DeepSpeed icon indicating copy to clipboard operation
DeepSpeed copied to clipboard

[BUG] Concern around mixed precision training where weights are in low precision

Open ethansmith2000 opened this issue 1 year ago • 2 comments

I noticed that in deepspeed, when training with fp16 and bf16, weights are set to the lower precision. I am wondering if there is any chance of making this optional. For both bf16 and fp16 there is the risk of having the weight change "dissapear" due to the low precision

This paper brought first brought the issue to my attention: https://arxiv.org/abs/2010.06192

Empirically, have found a lot of diffusion model training to have small gradient norms, often around 0.02 or so. In BF16 and possibly even fp16 it appears that this optimization step may not even register. Screenshot 2024-03-23 at 9 30 31 PM

In fp16, more bytes are allocated to the mantissa so its less risky but still seems like a potential issue.

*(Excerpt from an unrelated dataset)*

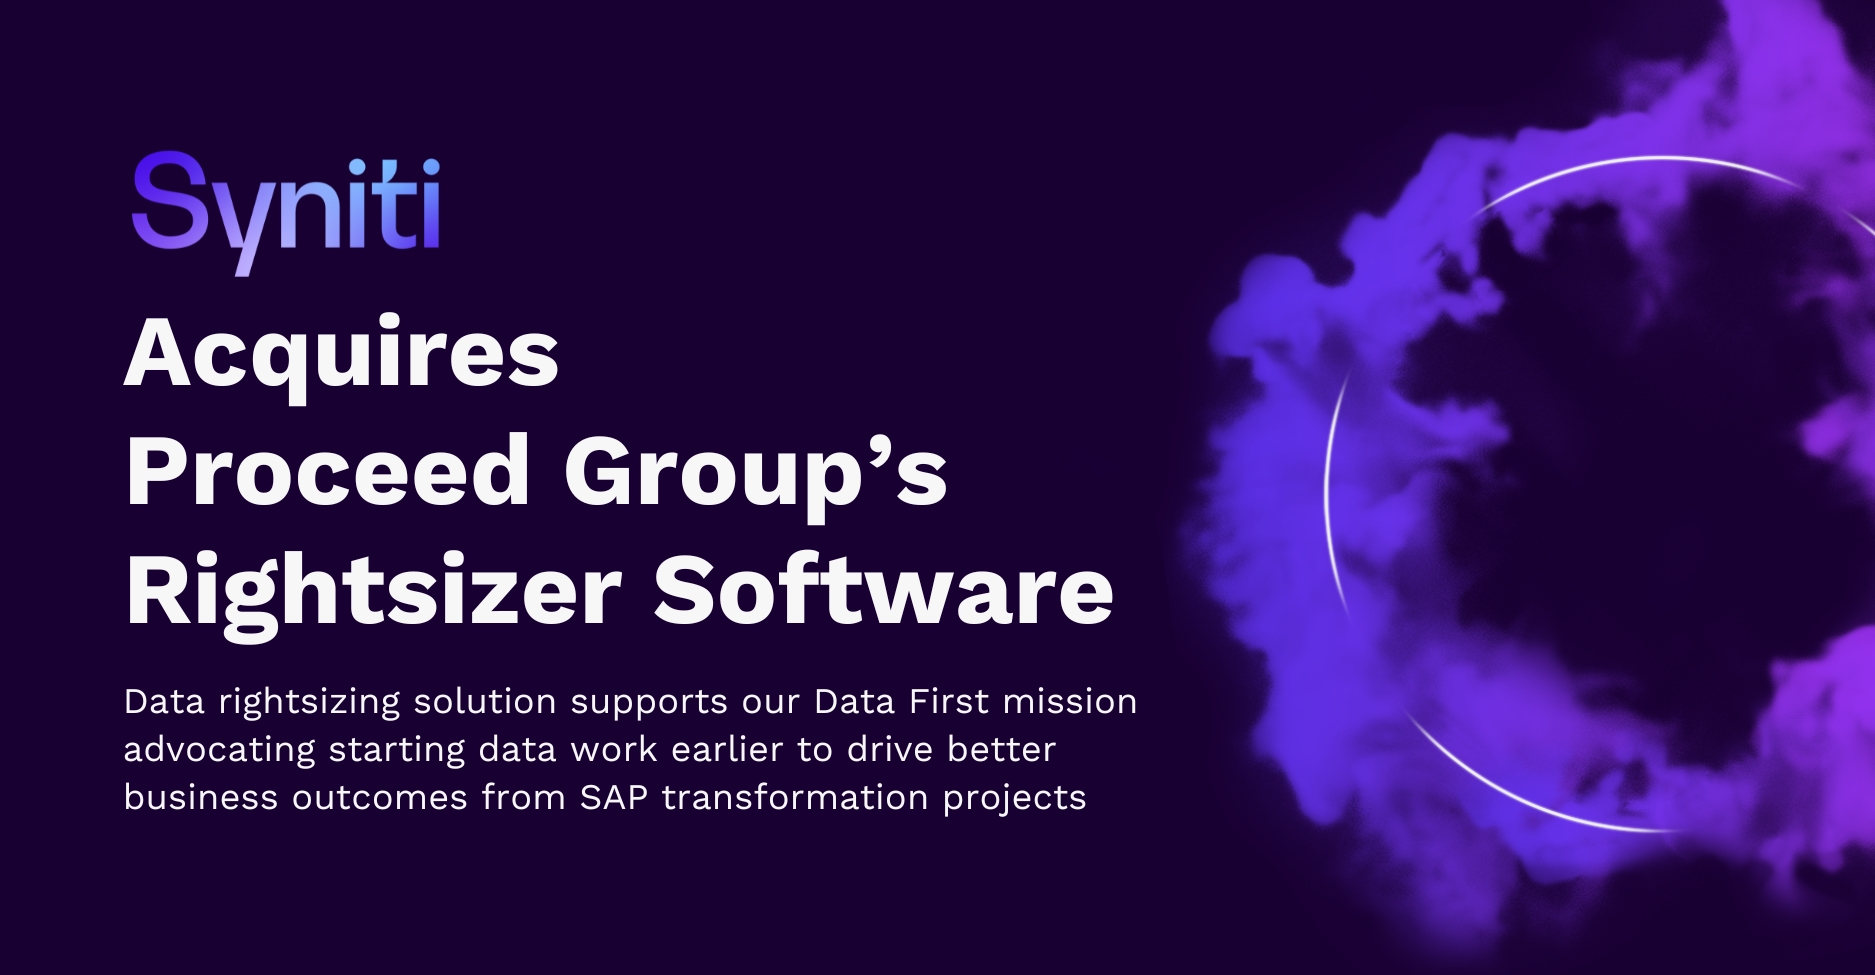 Syniti Acquires Proceed Group’s Rightsizer Software

fetching the dtype of the optimizer states or model weights does show they are in the reduced precision but to make sure i also checked the gpu memory usage. The below is zero stage-1 training of SDXL Screenshot 2024-03-24 at 2 32 09 AM

Additionally, I had previously mentioned here that the Deepspeed BERT training example suffers significant performance loss when running in bf16 Screenshot 2024-03-24 at 3 08 22 AM

ethansmith2000 avatar Mar 24 '24 01:03 ethansmith2000

wanted to link this one here too https://github.com/Lightning-AI/pytorch-lightning/issues/18016

ethansmith2000 avatar Jun 12 '24 07:06 ethansmith2000

found the solution sire?

SonicCodes avatar Sep 24 '24 13:09 SonicCodes

Any solution yet?

Monohydroxides avatar Oct 18 '24 08:10 Monohydroxides

@ethansmith2000, apologies for delayed response. Assuming this remains relevant, please see my comments below.

I noticed that in deepspeed, when training with fp16 and bf16, weights are set to the lower precision. I am wondering if there is any chance of making this optional.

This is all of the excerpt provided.